Ich habe das Gefühl, …

Oft hören wir in Einzelgesprächen oder auch in Gruppendiskussionen Sätze, die mit den Worten „Ich habe das Gefühl …“ beginnen. Dann sollten wir uns fragen: Welches „ich“ meldet sich gerade? Und ist es tatsächlich ein „Gefühl“? In jedem Fall ist Achtsamkeit angebracht, wenn wir von unserem Gegenüber diese Vokabeln vernehmen, oder sie uns selbst auf den Lippen liegen.
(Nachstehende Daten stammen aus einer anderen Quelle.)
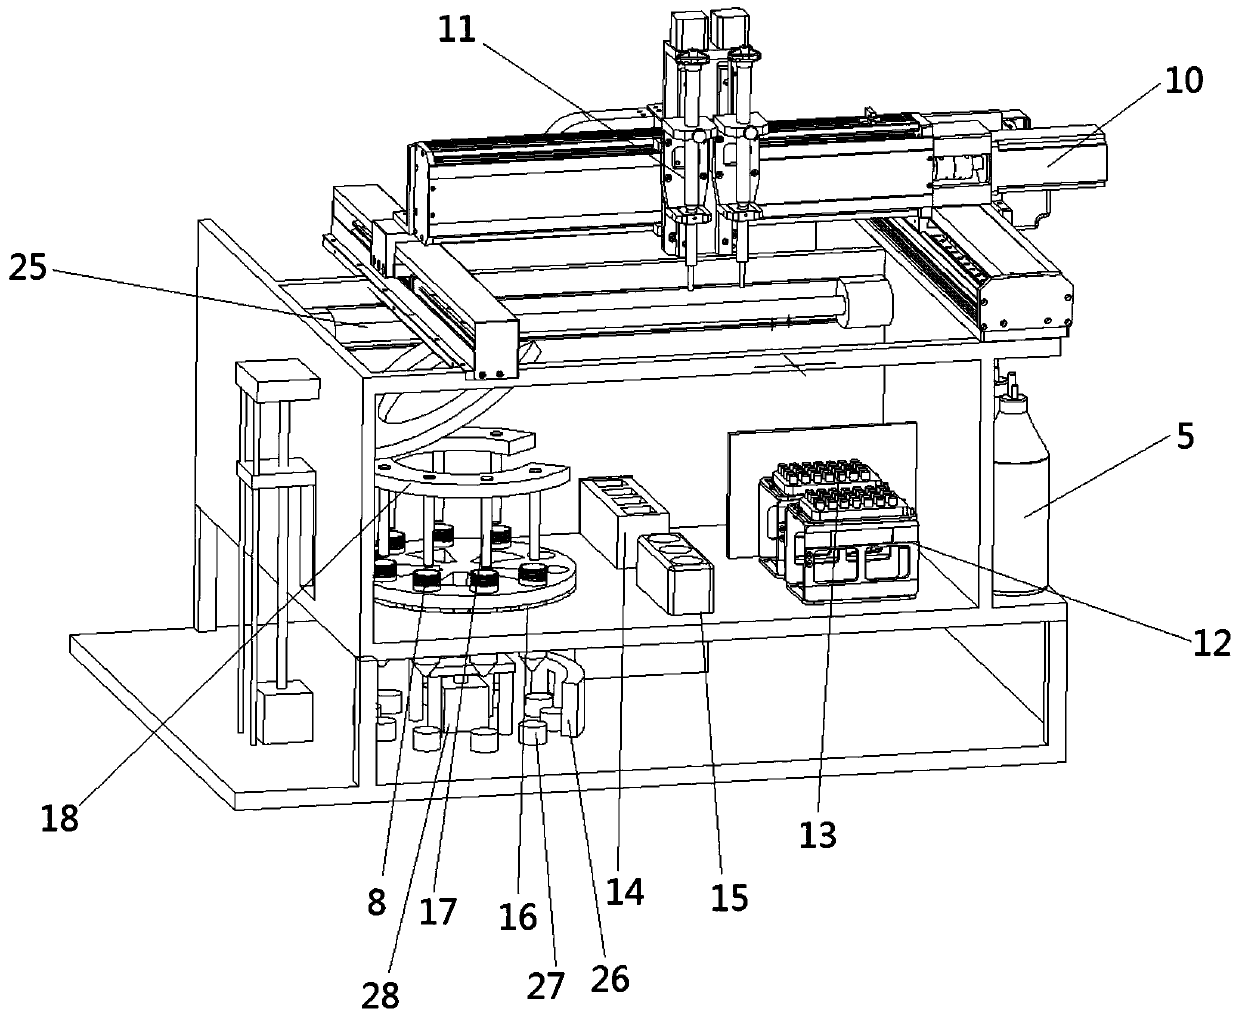 Pipetting and analysis device

Es ist erstaunlich, wie oft von einem „Gefühl“ gesprochen wir, obwohl eben kein Gefühl benannt wird. Daher lohnt sich die Rückfrage: „Was genau meinst Du damit?“ Oft geht es tatsächlich nicht um ein Gefühl, sondern um

Wer in der Literatur zum Thema Gefühle forscht, wird feststellen, dass es keinen Konsens über Grundgefühle gibt. So mischen sich Begriffe wie Gefühl, Intuition, Emotion, Empfindung und Wahrnehmung, ohne dass es eine klare oder gar allgemein anerkannte Position gibt. Das ist umso erstaunlicher, als jeder Mensch täglich mit Gefühlen zu tun hat.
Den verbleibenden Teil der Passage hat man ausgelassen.